__Record set__
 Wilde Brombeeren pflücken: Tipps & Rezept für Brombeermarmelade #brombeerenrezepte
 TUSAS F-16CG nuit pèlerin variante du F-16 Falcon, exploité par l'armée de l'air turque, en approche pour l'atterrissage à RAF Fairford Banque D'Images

==

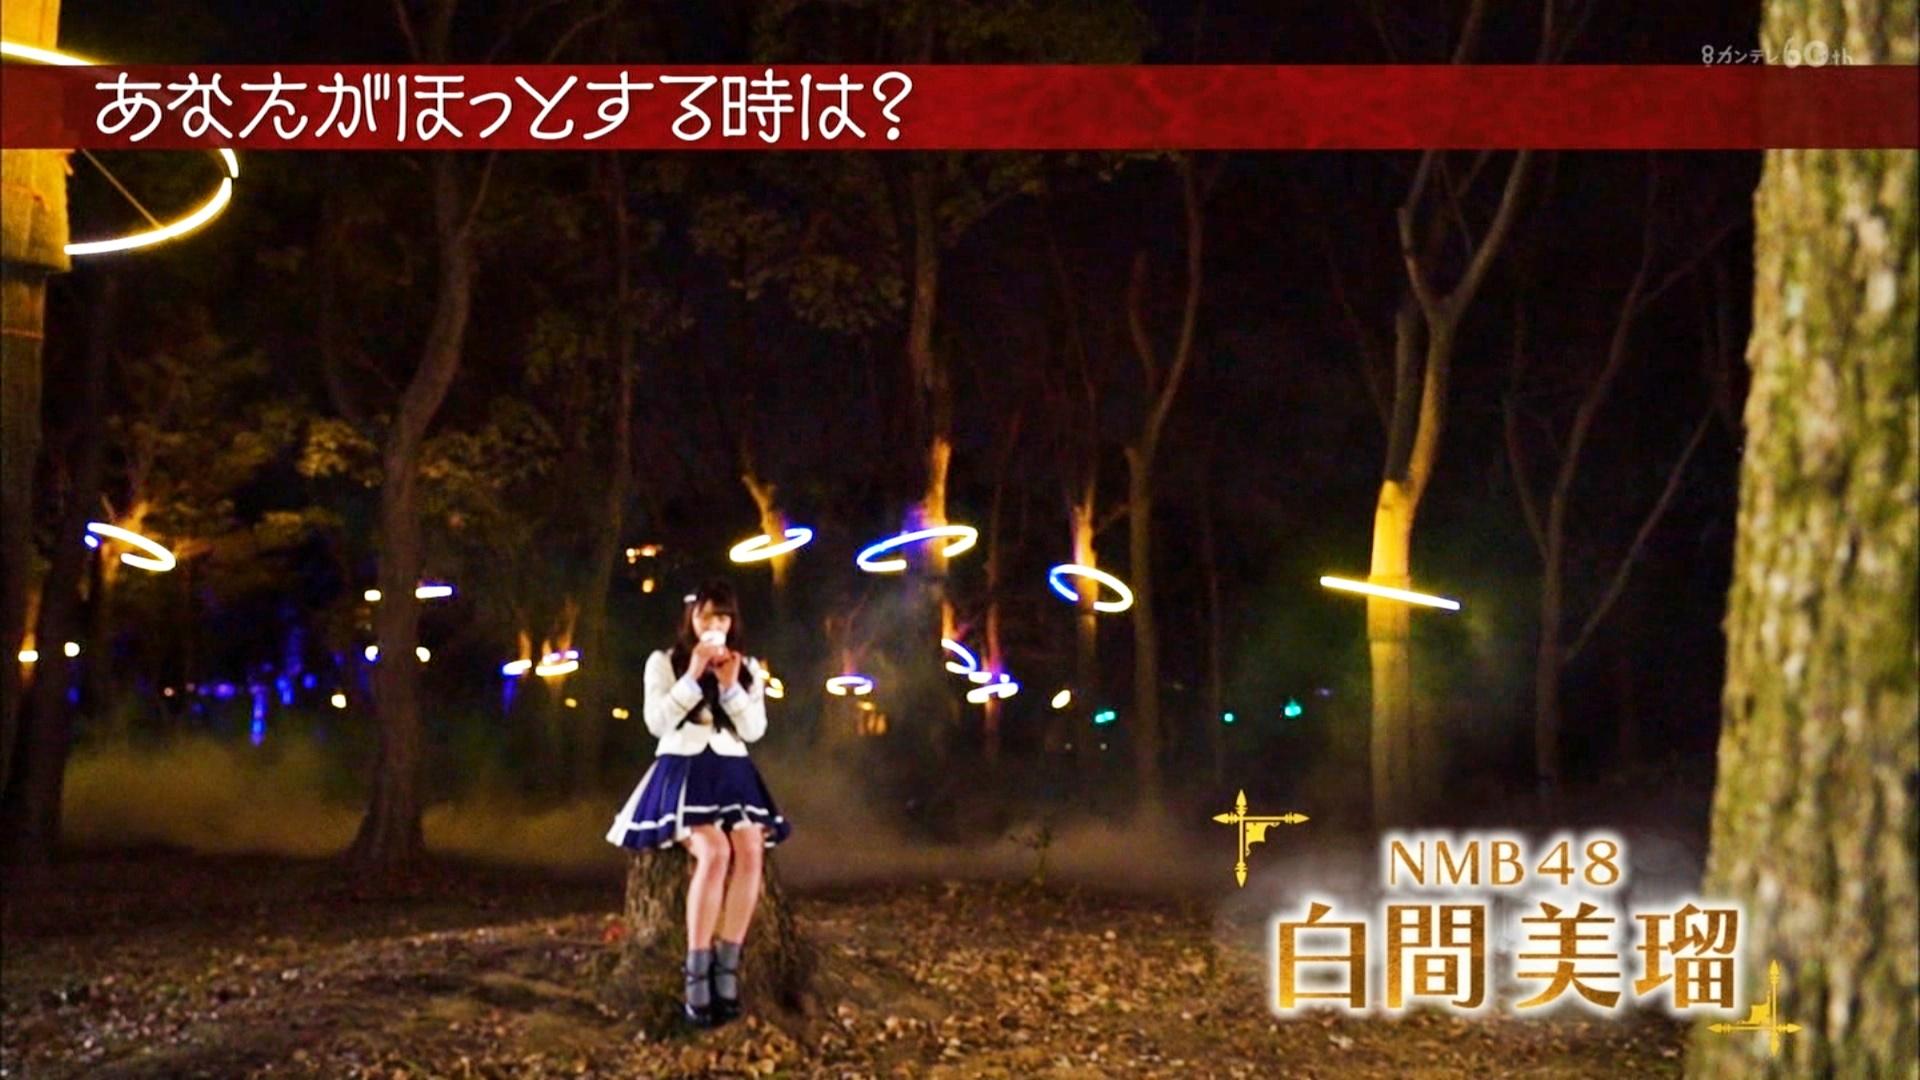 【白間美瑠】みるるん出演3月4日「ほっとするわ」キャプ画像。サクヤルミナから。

---

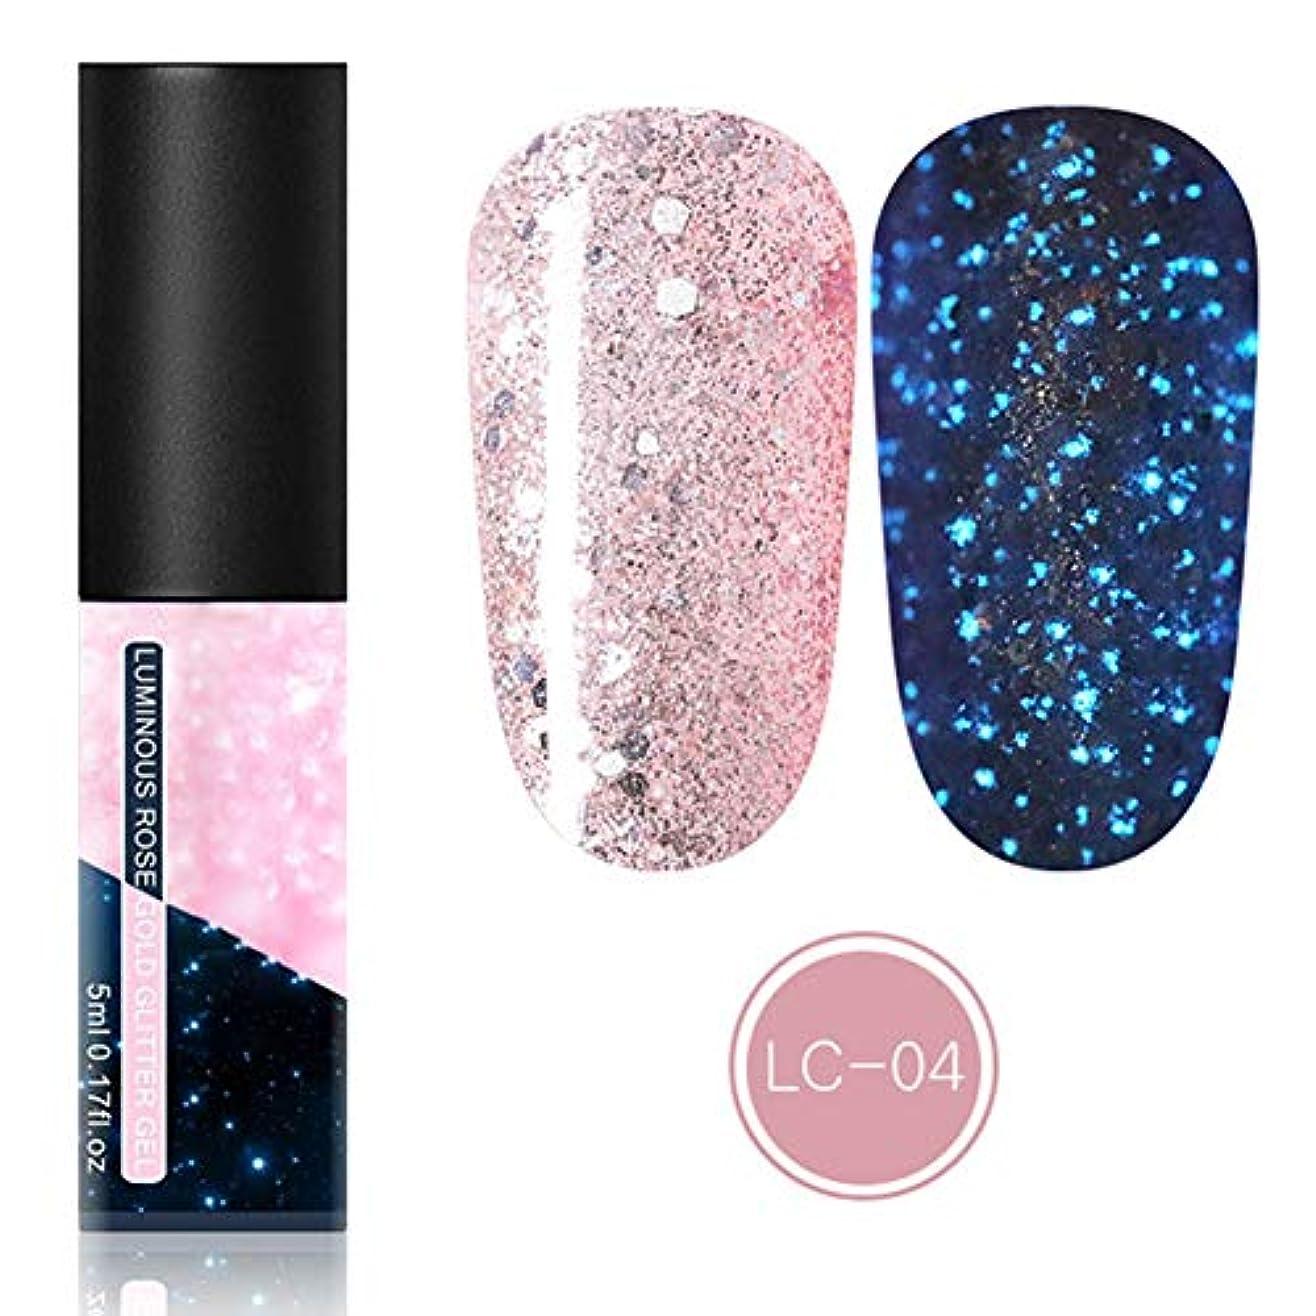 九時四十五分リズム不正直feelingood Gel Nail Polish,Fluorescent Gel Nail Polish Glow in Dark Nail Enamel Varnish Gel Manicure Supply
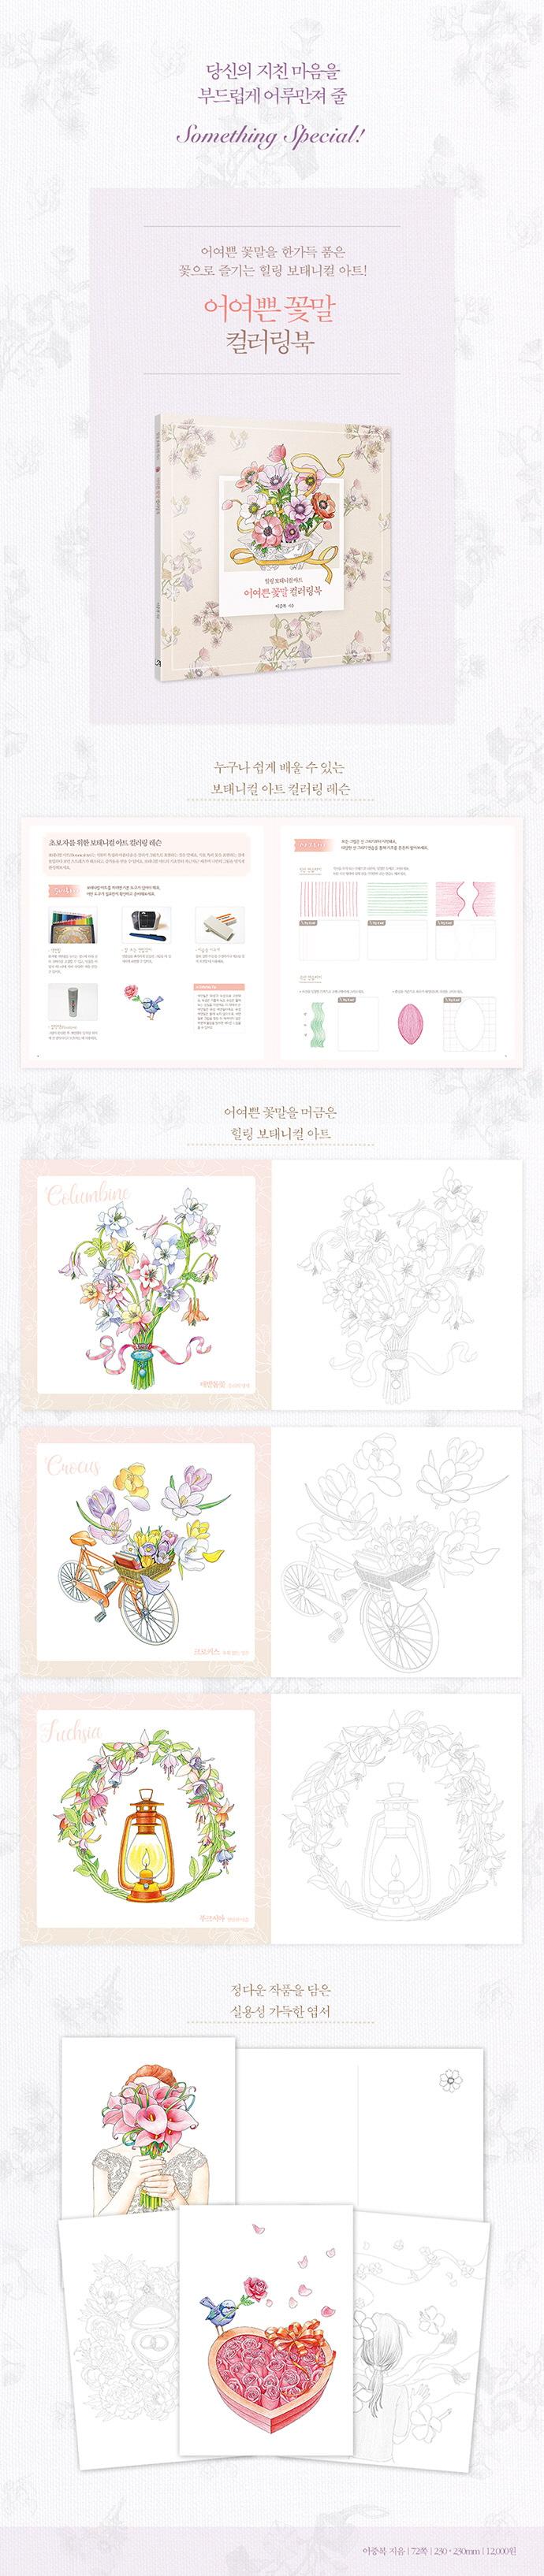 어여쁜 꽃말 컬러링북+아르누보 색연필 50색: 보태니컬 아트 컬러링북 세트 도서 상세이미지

__Aim of the task__
Within the material above, transcribe exactly the lines that run from the line holding "Wilde Brombeeren pflücken: Tipps" through the line holding "TUSAS F-16CG nuit".

__Result of the task__
 Wilde Brombeeren pflücken: Tipps & Rezept für Brombeermarmelade #brombeerenrezepte
 TUSAS F-16CG nuit pèlerin variante du F-16 Falcon, exploité par l'armée de l'air turque, en approche pour l'atterrissage à RAF Fairford Banque D'Images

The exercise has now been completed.